The 2010 FIFA World Cup | Team USA: The State of The Union

In 1998, U.S. Soccer launched a $50 million dollar program that sought to develop the United States into a legitimate contender for the World Cup. The program, called Project 2010, was built upon a study called The Q-Report written by Portugese football manager Carlos Queiroz. In it, Quieroz outlined a national player development system that he and U.S. Soccer believed could turn the USA into a World Cup contender by 2010. In the years following the release of the report and the adoption of Project 2010, some changes were made to U.S. Soccer and to the culture of the sport in here in America– the launch of a youth academy in Bradenton, FL (at IMG Academies) and a youth development program run by adidas and Major League Soccer (MLS) called “Generation adidas”, both of which have helped to train and scout young American players. That said, on The US Men’s National Team (USMNT), where the fruits of Project 2010 were promised, marginal improvement has left us with a national team that features a handful of excellent players and more questions than answers, primarily due to a lack of depth all over the pitch.

One of the great frustrations of most American football fans is that, quite frankly, the level of play in this country comes down to a lack of footballing intelligence and footballing DNA at almost every level of the sport. While our best players can compete at an international level, we do not produce enough players who excel at individual positions to compete with the best in the world. We do not have a nation of great coaches and trainers who can develop young players from an early age with tactical and positional awareness or technical ability and competitive game experience.

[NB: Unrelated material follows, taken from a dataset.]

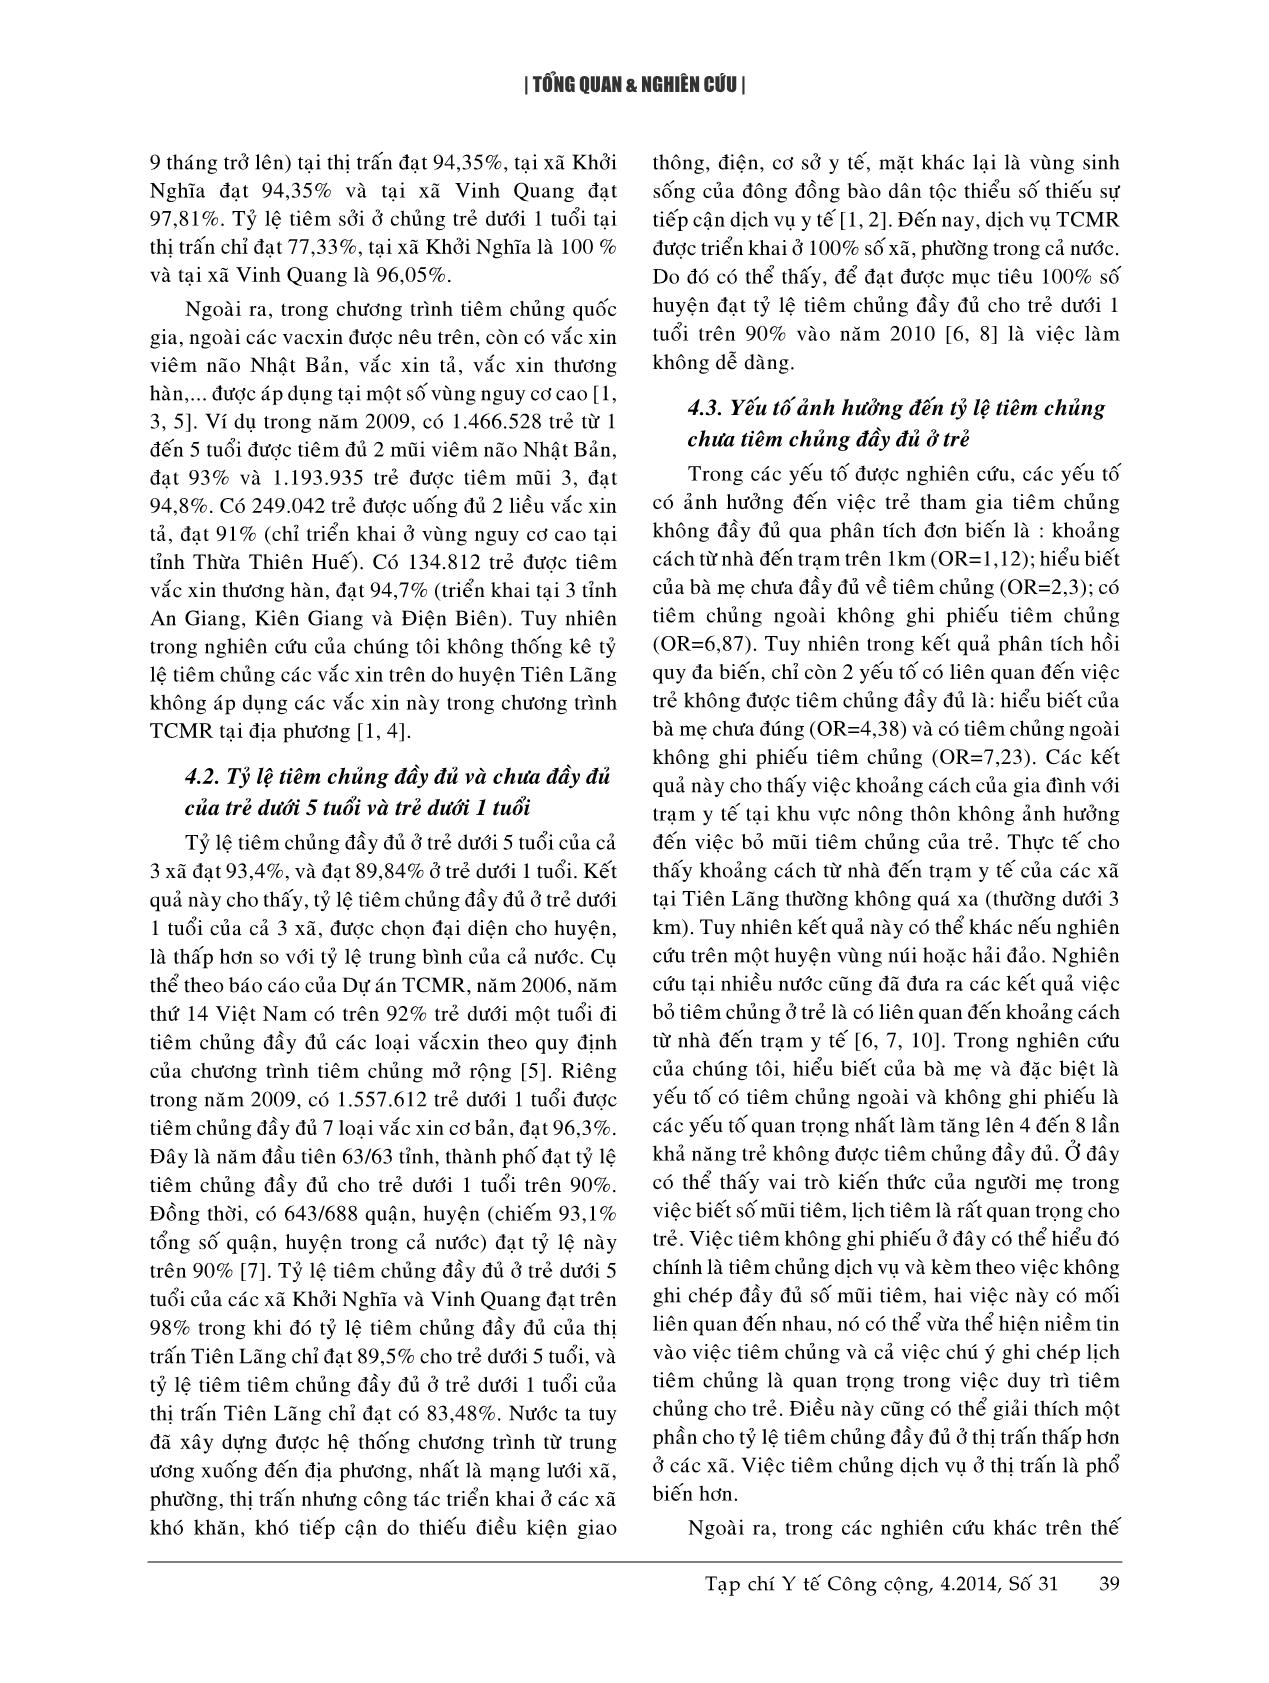 Tiêm chủng đầy đủ và một số yếu tố liên quan ở trẻ dưới 5 tuổi tại huyện Tiên Lãng, Hải Phòng - Năm 2010 trang 5
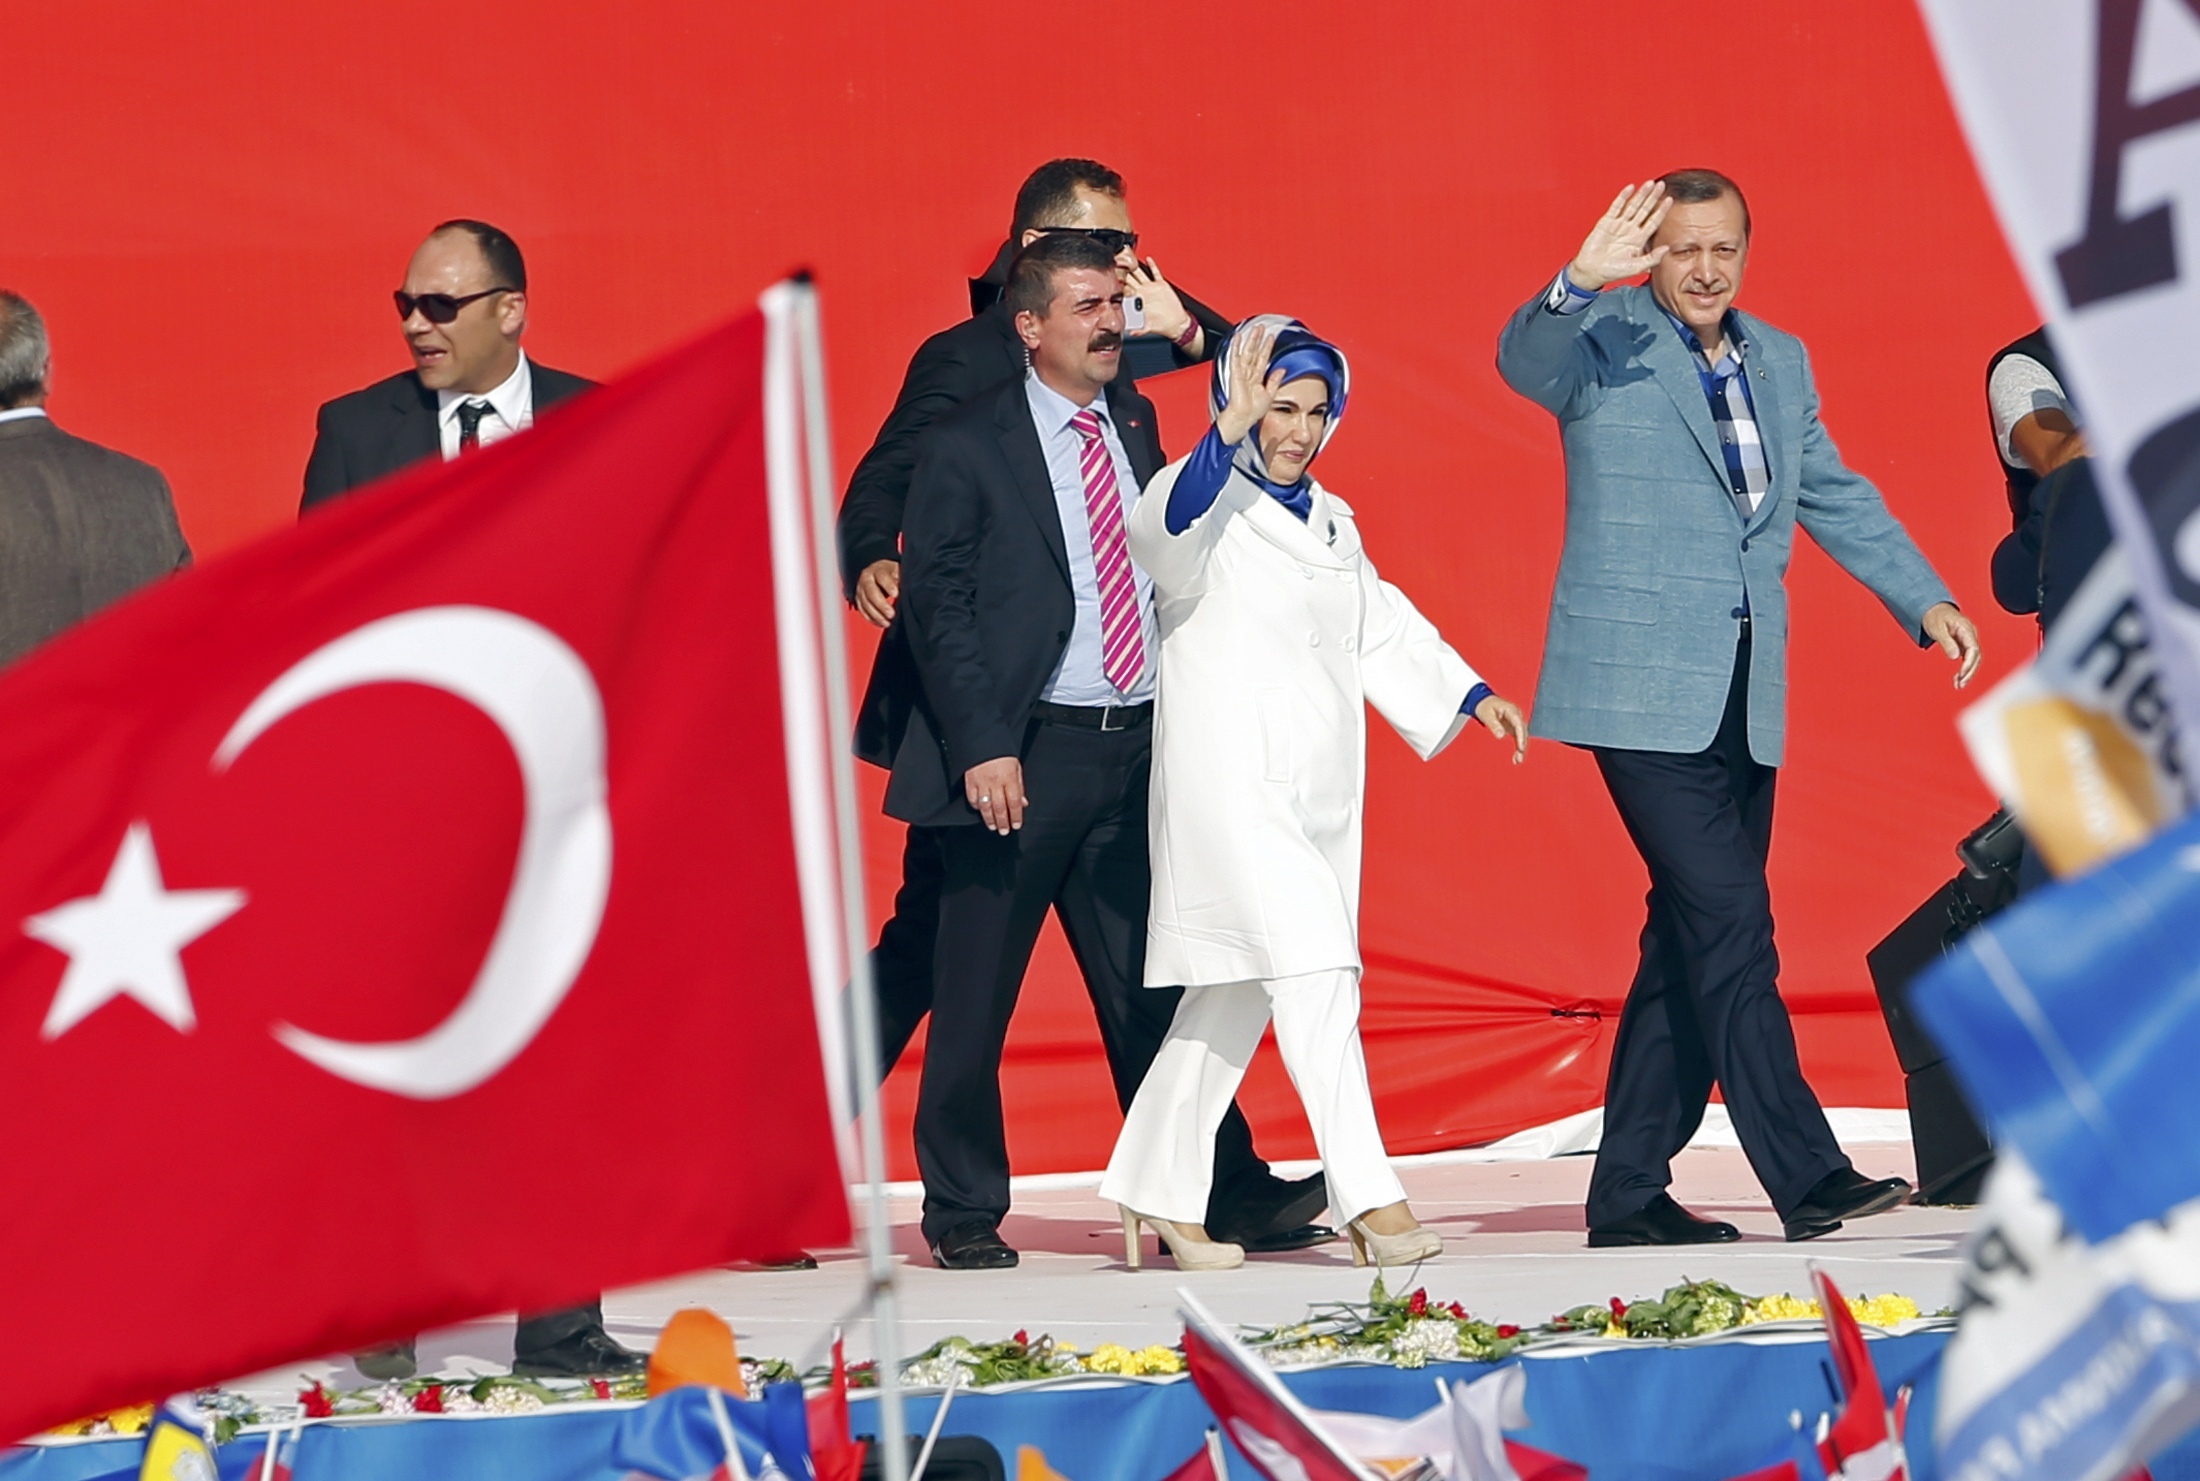 Παραλήρημα Ερντογάν στους οπαδούς του: Είμαι ο καλύτερος πρωθυπουργός! – Και στην Ελλάδα έγιναν τα ίδια, αλλά τους έδωσαν λεφτά!

And while the USA produces some of the world’s greatest athletes in a variety of sports, the economics of the game in this country tends to drive our best and brightest into American football, baseball and basketball; we follow the money and the glory which, justifiably, is found in other sports. Still, you can’t help but think time and again what our best possible team might look like, with Lebron James and Adrian Peterson as strikers, Tom Brady running the midfield with Derek Jeter, Kobe Bryant and Randy Moss on the wings, Ray Lewis in defense– you get the idea. This is not an apologia; we have some terrific players and athletes on the USMNT. But when you start looking down the rosters of other nations, places where almost every great athlete is driven to football, you notice the gap between their depth and class and the more problematic USA lineup.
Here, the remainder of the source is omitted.